**Given material**:

****

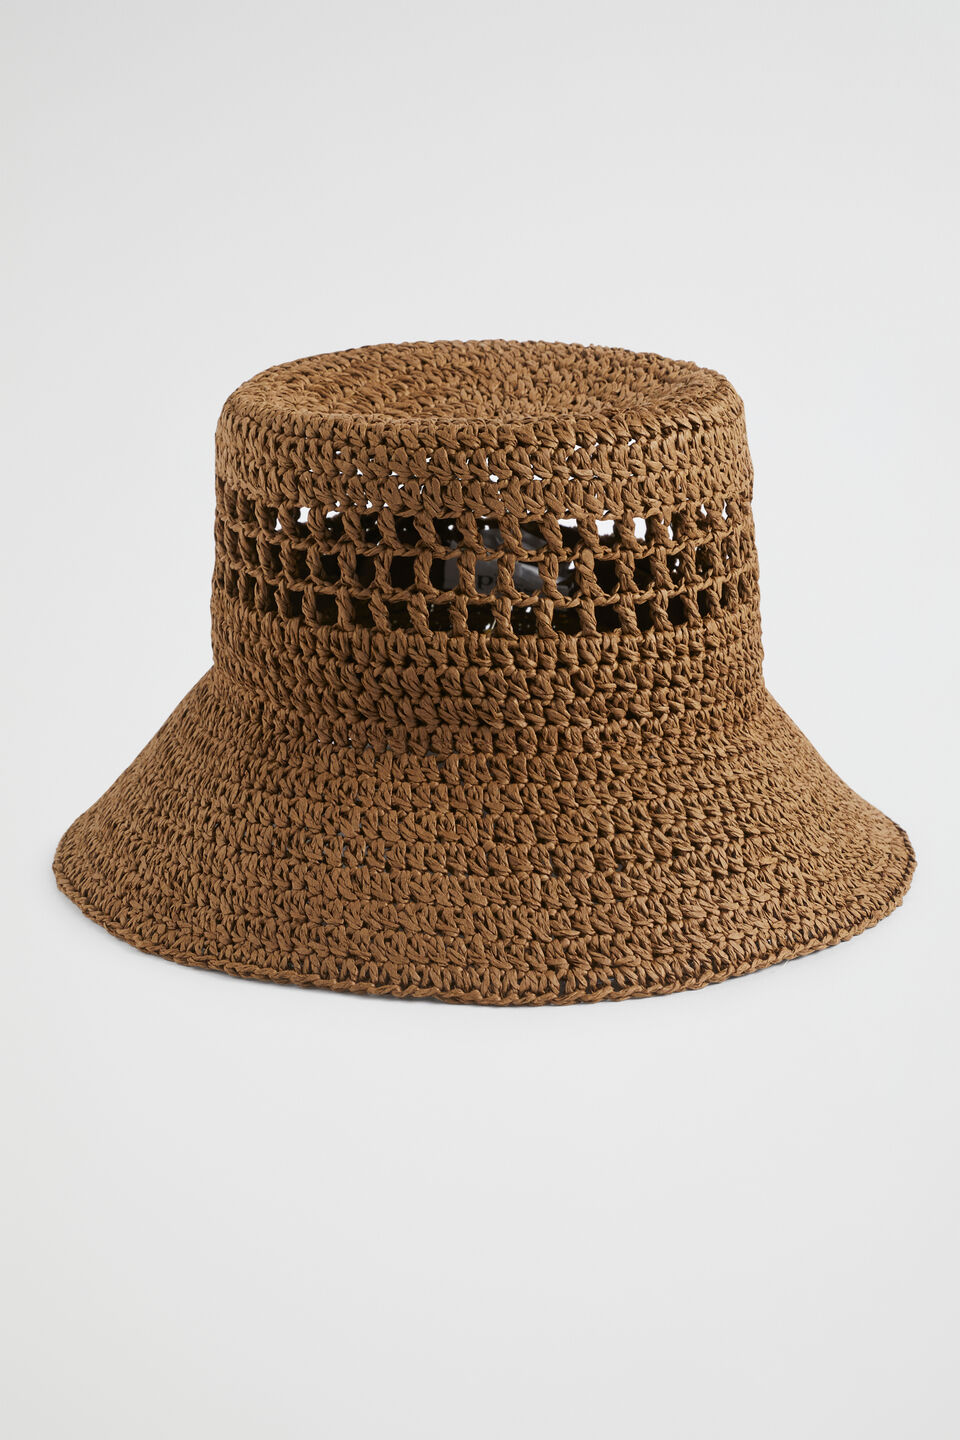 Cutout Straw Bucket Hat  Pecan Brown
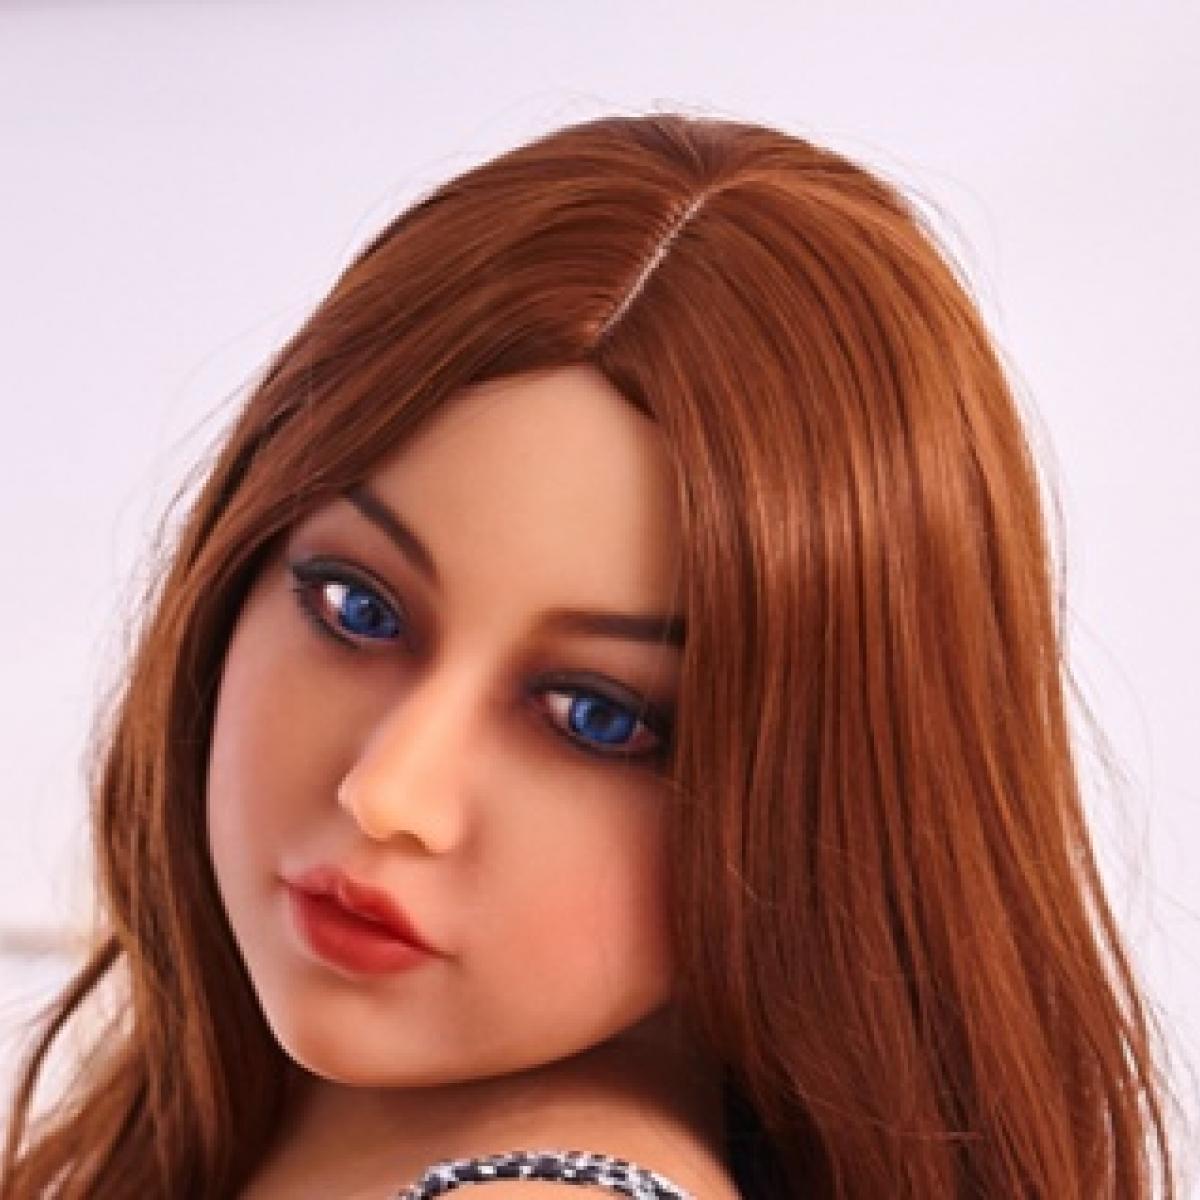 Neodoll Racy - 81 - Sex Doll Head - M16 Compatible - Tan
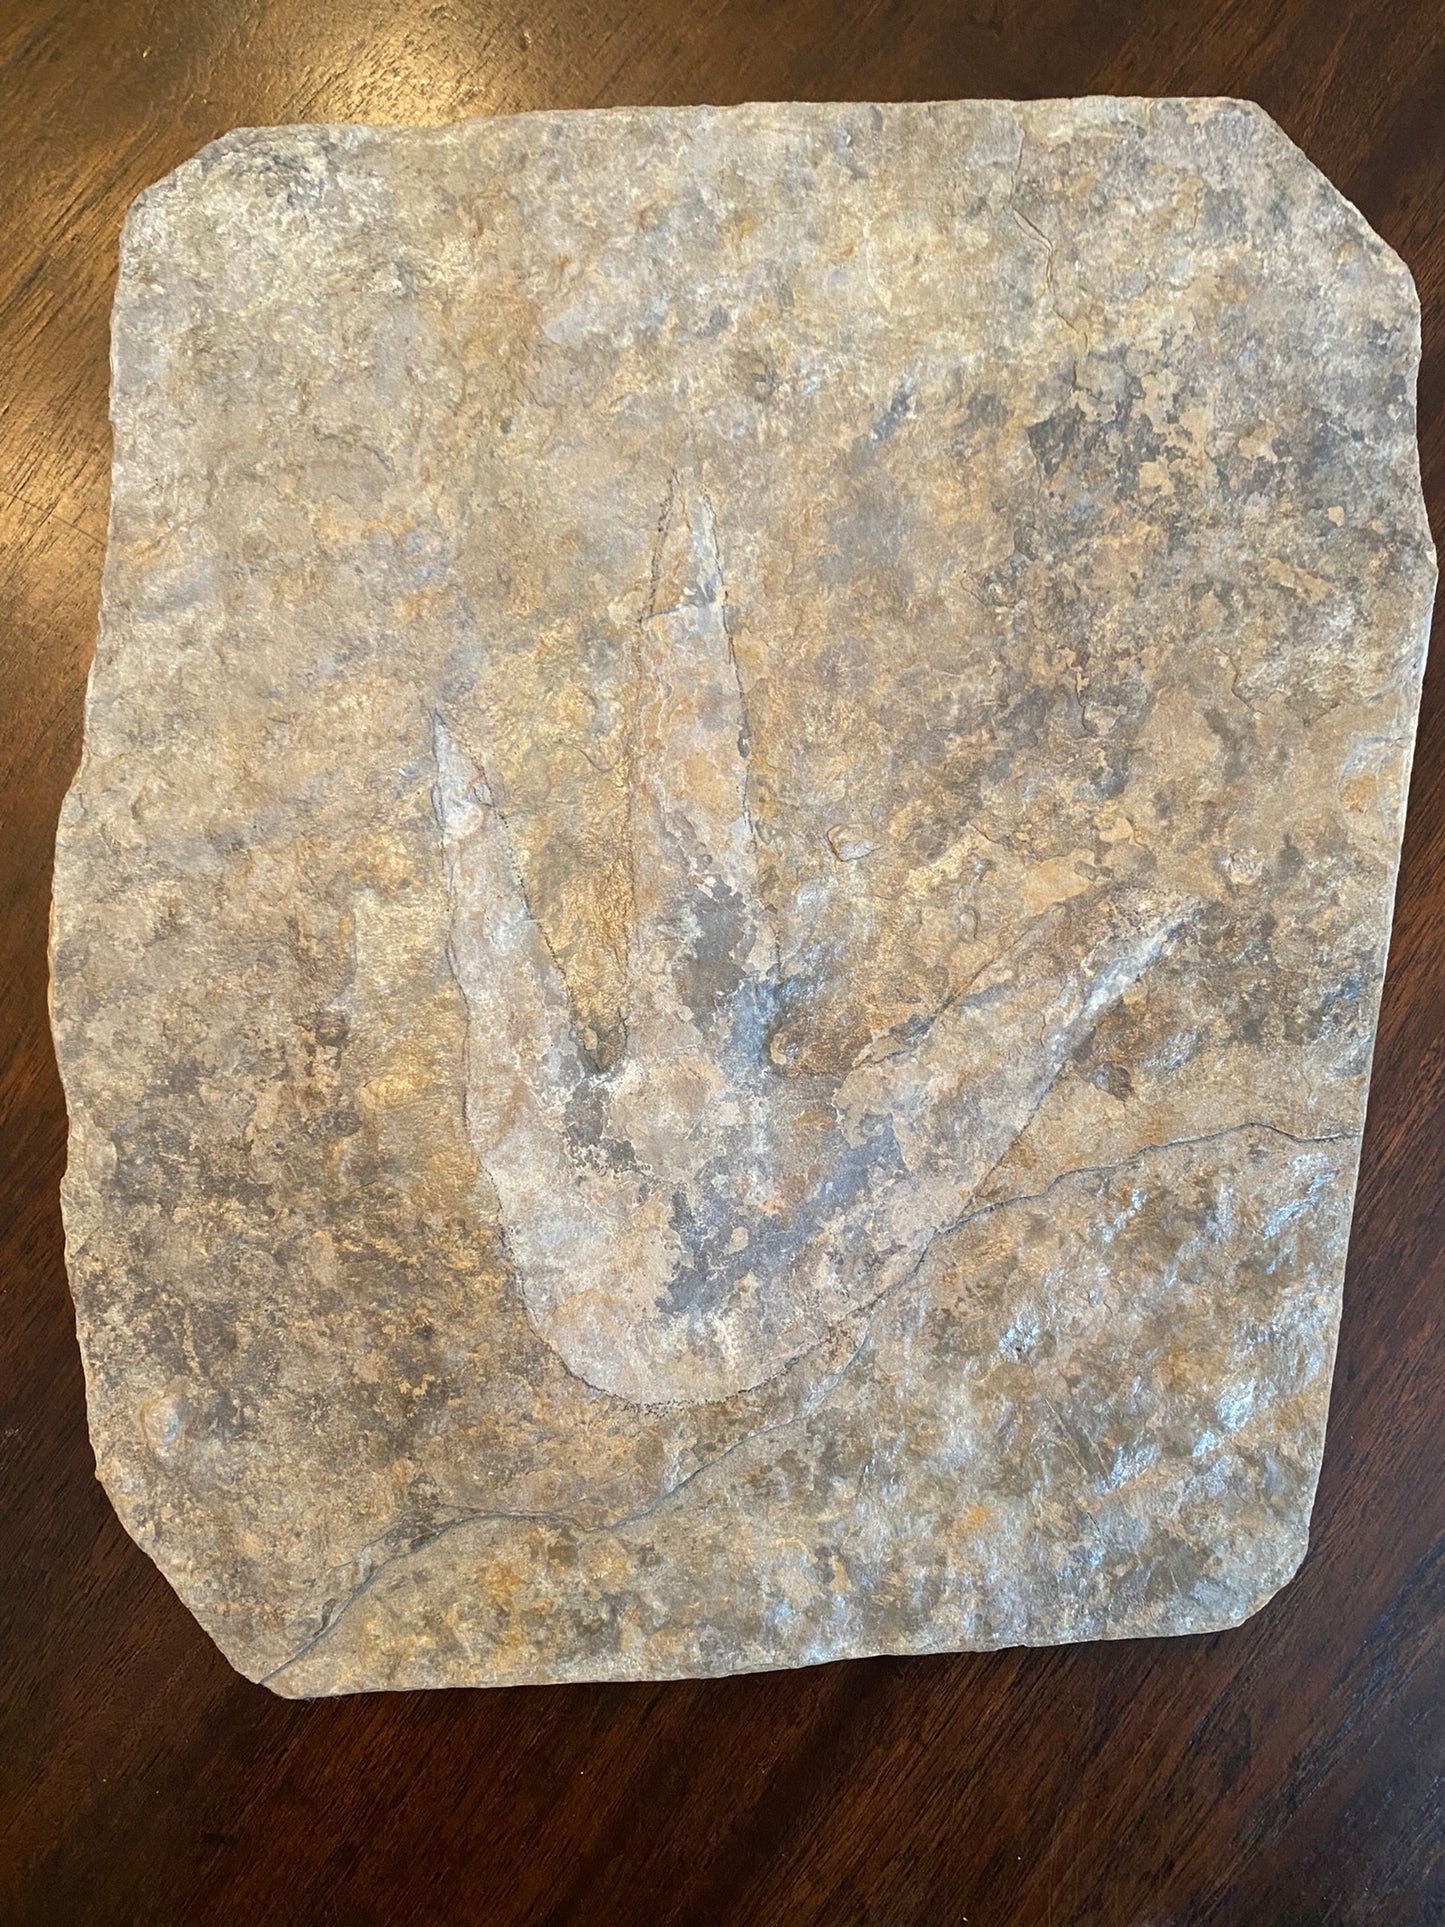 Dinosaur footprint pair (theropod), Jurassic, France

****

**Exercise aim**: Return the listing above verbatim and exclude every picture.

**Task result**:
 Cutout Straw Bucket Hat  Pecan Brown
 Neodoll Racy - 81 - Sex Doll Head - M16 Compatible - Tan
 Dinosaur footprint pair (theropod), Jurassic, France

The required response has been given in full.